Aplikasi ekonomi lingkungan ke dalam pengambilan kebijakan perlindungan dan perbaikan lingkungan menghadapi beberapa permasalahan seperti sulitnya mengidentifikasi dan mengkuantifikasi jasa lingkungan, valuasi keuntungan dan biaya serta faktor diskonto (discounting factor).
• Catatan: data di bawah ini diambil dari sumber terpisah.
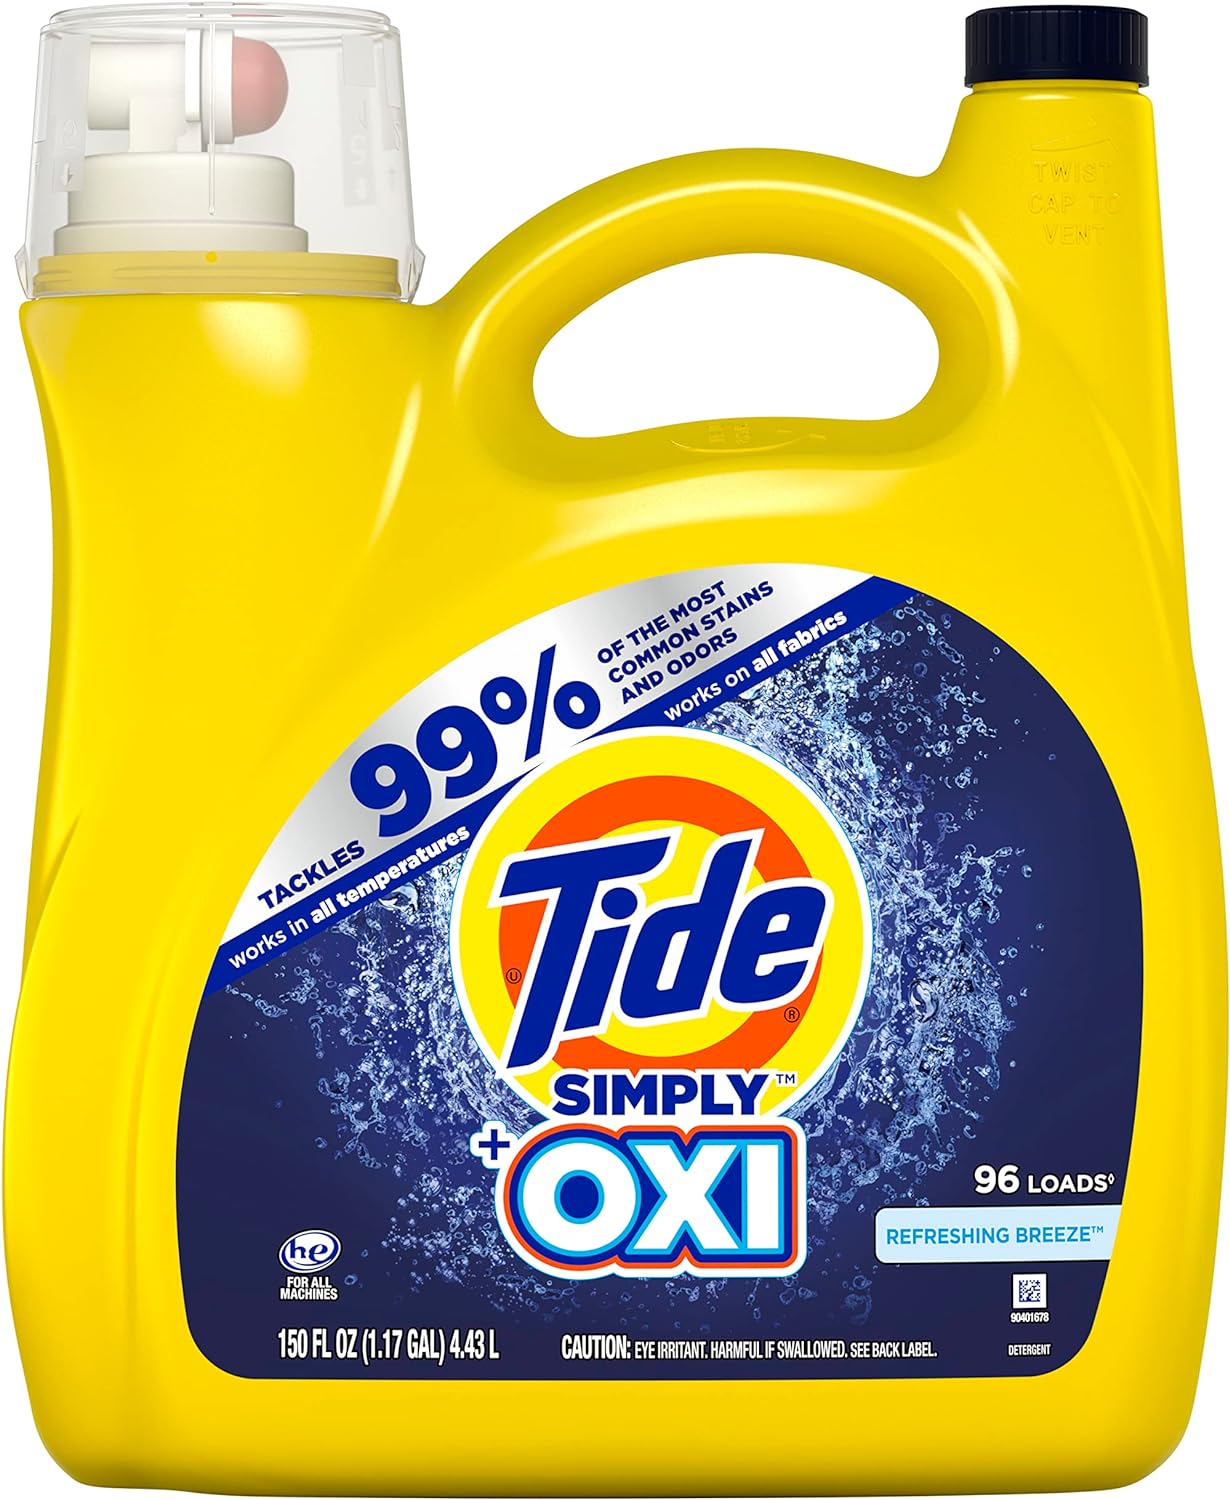 Tide Simply + Oxi Liquid Laundry Detergent, 96 loads - Save $10 when you buy 3

Dampak lingkungan dari pengelolaan DAS mempunyai kompleksitas yang tinggi terutama dalam mengintegrasikan dan mengkuantifikasi nilai ekonomi dampak pada tapak (on-site) dan di luar tapak (off-site) dan kesulitan dalam menilai keterkaitan atau hubungan antara hulu dan hilir DAS. Pemilihan metode atau teknik valuasi ekonomi jasa lingkungan DAS terutama off-site stream impact sangat penting untuk mendapatkan data dan informasi yang berguna bagi pengambil kebijakan dalam perbaikan pengelolaan ekosistem DAS.
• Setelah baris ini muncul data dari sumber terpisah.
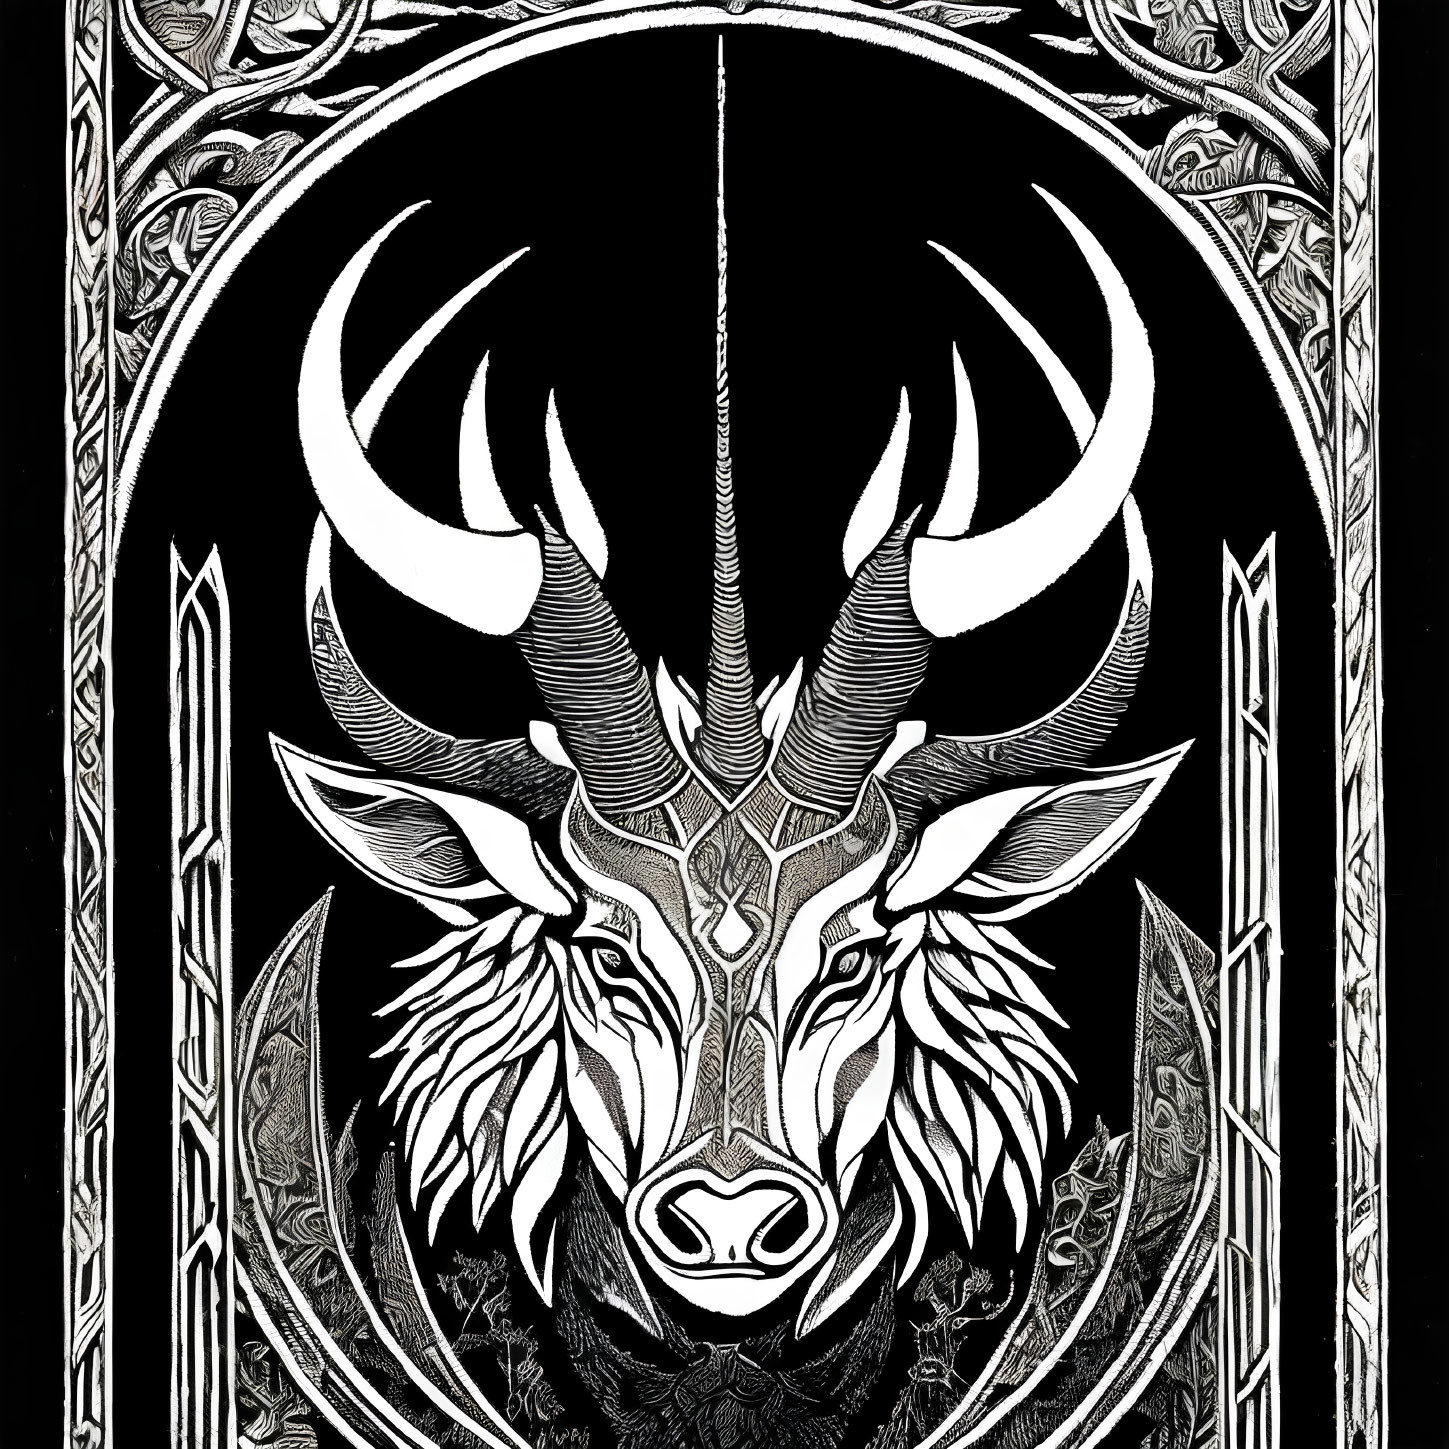 Symmetric ornate stag with Celtic-style background illustration

Pelibatan sebanyak mungkin pemangku kepentingan (stakeholders) secara bersama-sama bertanggung jawab dalam penjagaan kawasan lindung (guardianship) dan pengelolaan sumberdaya alam (stewardship) melalui mekanisme pembayaran (transfer payment) dari pengguna air di wilayah hilir (PLTA dan PDAM) kepada penyedia jasa lingkungan (environmental services) sebagai biaya pengganti (replacement cost) merupakan hal yang sangat penting bagi perbaikan lingkungan DAS, terutama di daerah hulu.

Dari uraian terdahulu, maka perumusan masalah adalah sebagai berikut : 1. Perubahan tataguna lahan terutama hutan telah menyebabkan kerusakan

ekosistem DAS Citarum terutama wilayah hulu, sehingga menurunkan kualitas jasa lingkungan yang dihasilkannya seperti pengaturan tata air (debit dan fluktuasi), kualitas air (kimia, fisika dan biologi) dan erosi serta sedimentasi.

2. Degradasi jasa lingkungan yang dihasilkan DAS tersebut selain merugikan penyedia di wilayah hulu (on-site), juga menimbulkan kerugian ekonomi yang signifikan bagi pengguna (PLTA dan PDAM) di wilayah hilir (off-site) sebagai akibat adanya tambahan biaya (marginal cost) dan kehilangan potensi untuk berproduksi maksimal secara konstan pemeliharaan waduk dan turbin

(PLTA), pengerukan sedimen (PLTA dan PDAM), pemakaian bahan kimia (PDAM), pemeliharaan mesin produksi dan pipa distribusi (PDAM). Kehilangan produksi untuk berproduksi maksimal secara konstan antara lain disebabkan debit air rendah (musim kemarau), debit air besar (musim hujan) tidak termanfaatkan maksimal, turbin dan mesin pabrik tidak dapat dioperasikan maksimal.

3. Untuk mengetahui nilai ekonomi jasa lingkungan yang dihasilkan oleh DAS dilakukan valuasi ekonomi. Mengingat jasa lingkungan merupakan public goods, penilaian dilakukan secara tidak langsung (indirect valuation) yaitu dengan menghitung nilai ekonomi total dampak kerusakan ekosistem DAS terhadap pengguna air (PLTA dan PDAM) dengan menggunakan metode atau teknik valuasi biaya pengganti (replacement cost method).